What if we are not interested in summarising at the domain level, and instead we want to know our power in each of the individual sites? We can use the same functions as before, now run independently over each of the sites. We should fix the ICC at zero because this is no longer a multi-site study:
# how many samples are needed in an independent analysis
get_sample_size_presence(n_clust = 1, prevalence = 0.01, ICC = 0)
#> [1] 161
# get power to detect a 1% variant in each of the individual sites
mapply(get_power_presence, N, MoreArgs = list(ICC = 0))
#> [1] 91.89415 91.89415 45.28434 45.28434 33.10282 33.10282
We find that 161 samples are needed for a single site to be powered to detect a rare variant at 1% prevalence. Accordingly, only our large sites (250 samples) achieve power over 80%, and the smaller sites with 60 and 40 samples have power below 50%. Therefore we would conclude that 4 out of our 6 sites are underpowered at the individual level, and so we may be better off pooling results to the domain level.
What if we also plan on using the same samples to look for a drug resistance marker that we already believe to be at high prevalence? In this case, it can be useful to consider what will be the expected margin of error in our analysis. This is not the same as a power analysis, as we are not conducting a hypothesis test. Rather, we are trying to choose a sample size that gives us a certain level of precision.

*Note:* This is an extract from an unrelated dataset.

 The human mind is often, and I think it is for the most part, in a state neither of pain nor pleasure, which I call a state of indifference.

The get_sample_size_margin()
function tells us the
per-site sample size needed to achieve a given margin of error (MOE) if
we plan on pooling results over multiple sites. Here, we assume that the
prevalence of the marker is 20% in the population, and we aim to
estimate this to within plus or minus 10%:
# get sample size needed to achieve 10% MOE if prevalence is 20% and we have 6 sites
get_sample_size_margin(MOE = 0.1, n_clust = 6, prevalence = 0.2, ICC = 0.05)
#> [1] 20
We only need 20 samples to achieve this level of precision, which we
are well above. We can also use the get_margin()
function
to tell us what our MOE would be given a known sample size:
# get MOE assuming 40 samples in each of 6 sites
get_margin(N = 40, n_clust = 6, prevalence = 0.2, ICC = 0.05)
#> lower upper
#> 11.30813 28.69187
With 40 samples we would expect our 95% CI to range from around 11.3% to 28.7%, in other words a MOE of around 8.7%.

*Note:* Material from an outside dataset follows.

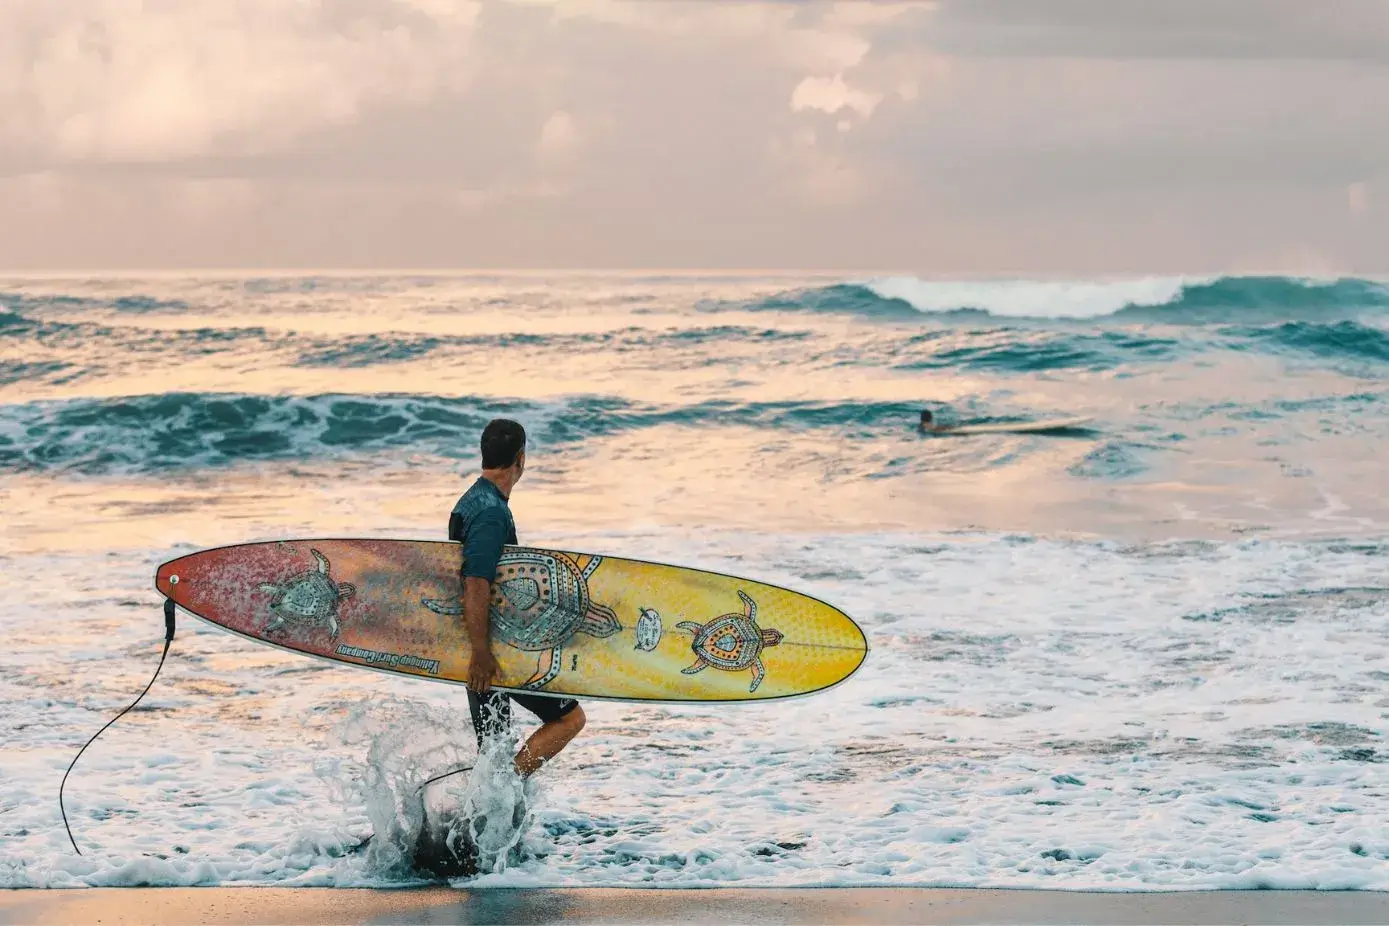 13 Best Things To Do In Bali - Surfing in Bali

The formula used above is extremely simple. It does not allow for
different sample sizes per site, and it also assumes that we know the
ICC exactly rather than estimating it from data. An alternative approach
is to use the DRpower Bayesian model to estimate the
prevalence. In other words, we plan on using the
get_prevalence()
function to obtain a 95% Bayesian credible
interval (CrI). If we plan to estimate prevalence this way, then we
should use the function get_margin_Bayesian()
to estimate
our MOE. This function works by simulation, and allows for different
sample sizes in each site:
# get MOE when using DRpower Bayesian model
get_margin_Bayesian(N, prevalence = 0.2, ICC = 0.05)

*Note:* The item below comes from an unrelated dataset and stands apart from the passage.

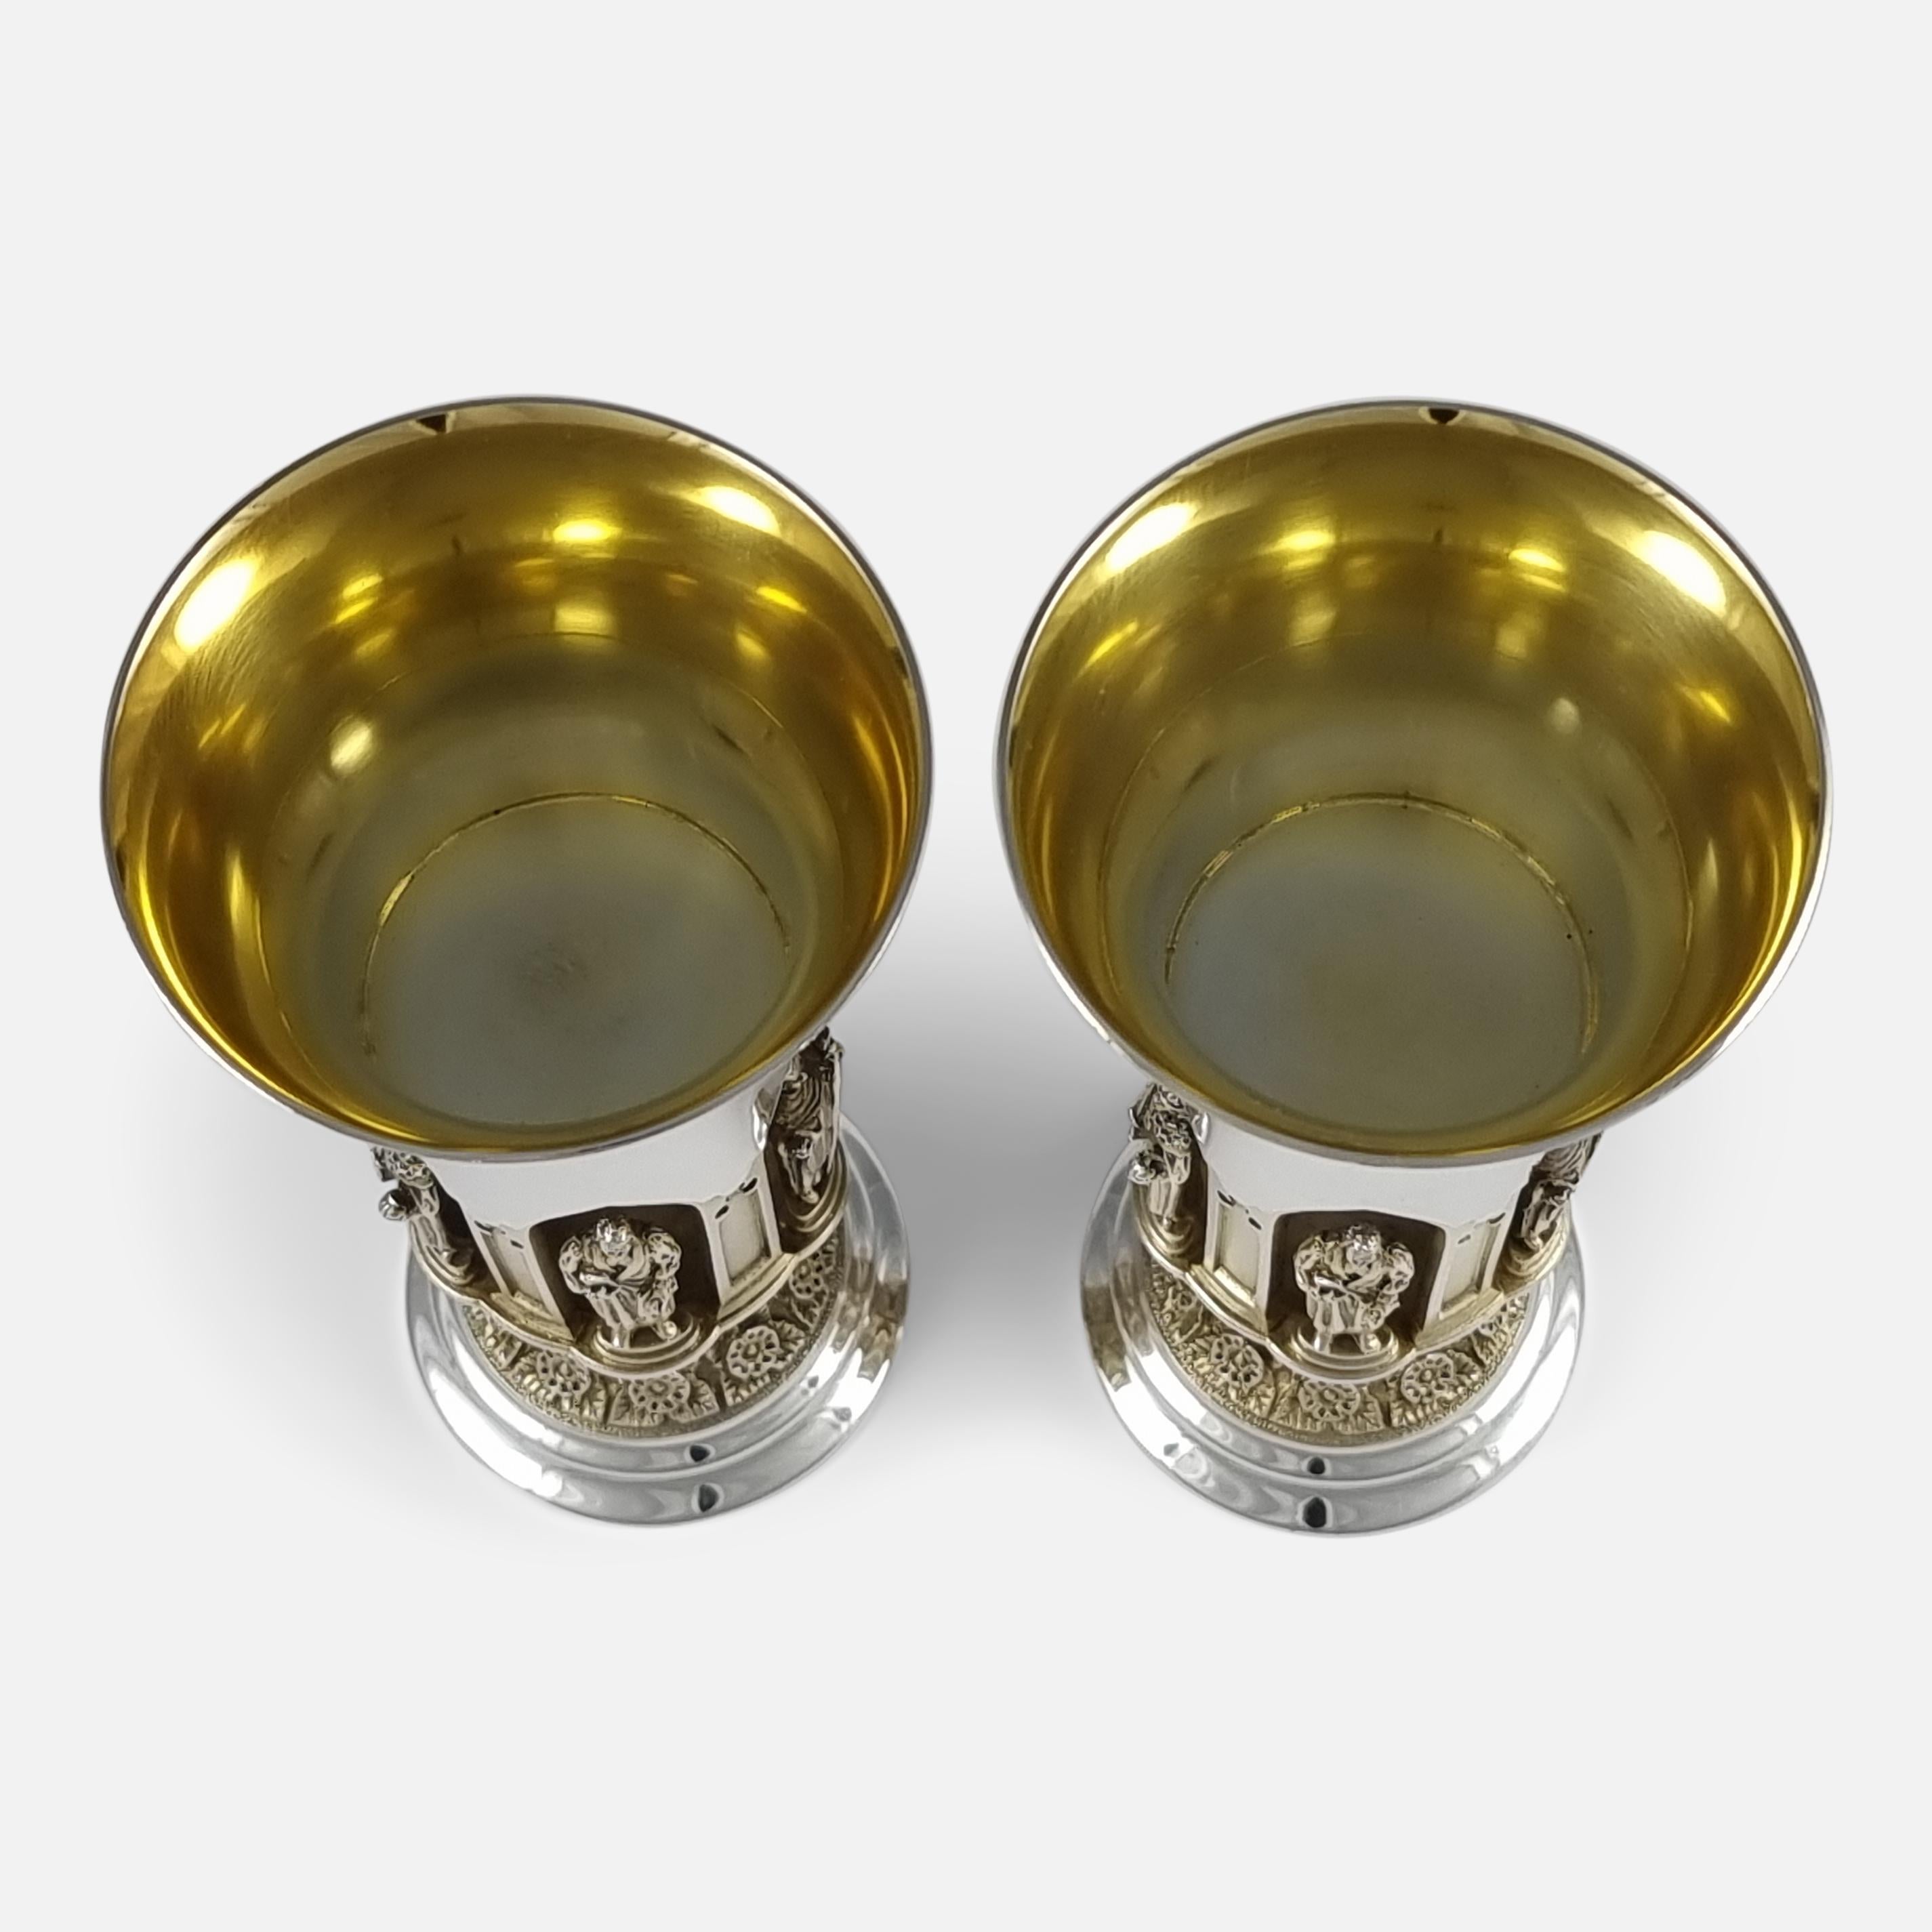 Pair of Aurum Silver Gilt 'Ripon Diocese Foundation' Goblets by Hector Miller 2

#> estimate CI_2.5 CI_97.5
#> lower 12.6323 12.03405 13.23055
#> upper 31.0595 30.12544 31.99356
Using this method, we expect our 95% CrI to range from around 12.6%
to 31%. Note that this MOE is different in the lower and upper
directions meaning the CrI is not symmetric. It is also narrower at the
lower end than our previous get_margin()
estimate, but
wider at the upper end. The Bayesian model makes different assumptions,
and so in general we shouldn’t expect the CrI to be the same as the
CI.
In summary…
N
) that we are happy with for our
pfhrp2/3 analysis. These don’t quite achieve 80% power, but
they are not far off. They have been chosen taking into account
logistical and feasibility constraints as well as statistical
considerations. We also know the number of suspected malaria cases that
we need to enrol (N_suspected
).Notice that this summary considers all end-points for the same sample sizes. We have now arrived at a detailed plan and have a good idea of what we can expect from our results. It is up to us to decide if we want to go ahead with this plan, or if we want to revisit assumptions and modify the plan accordingly.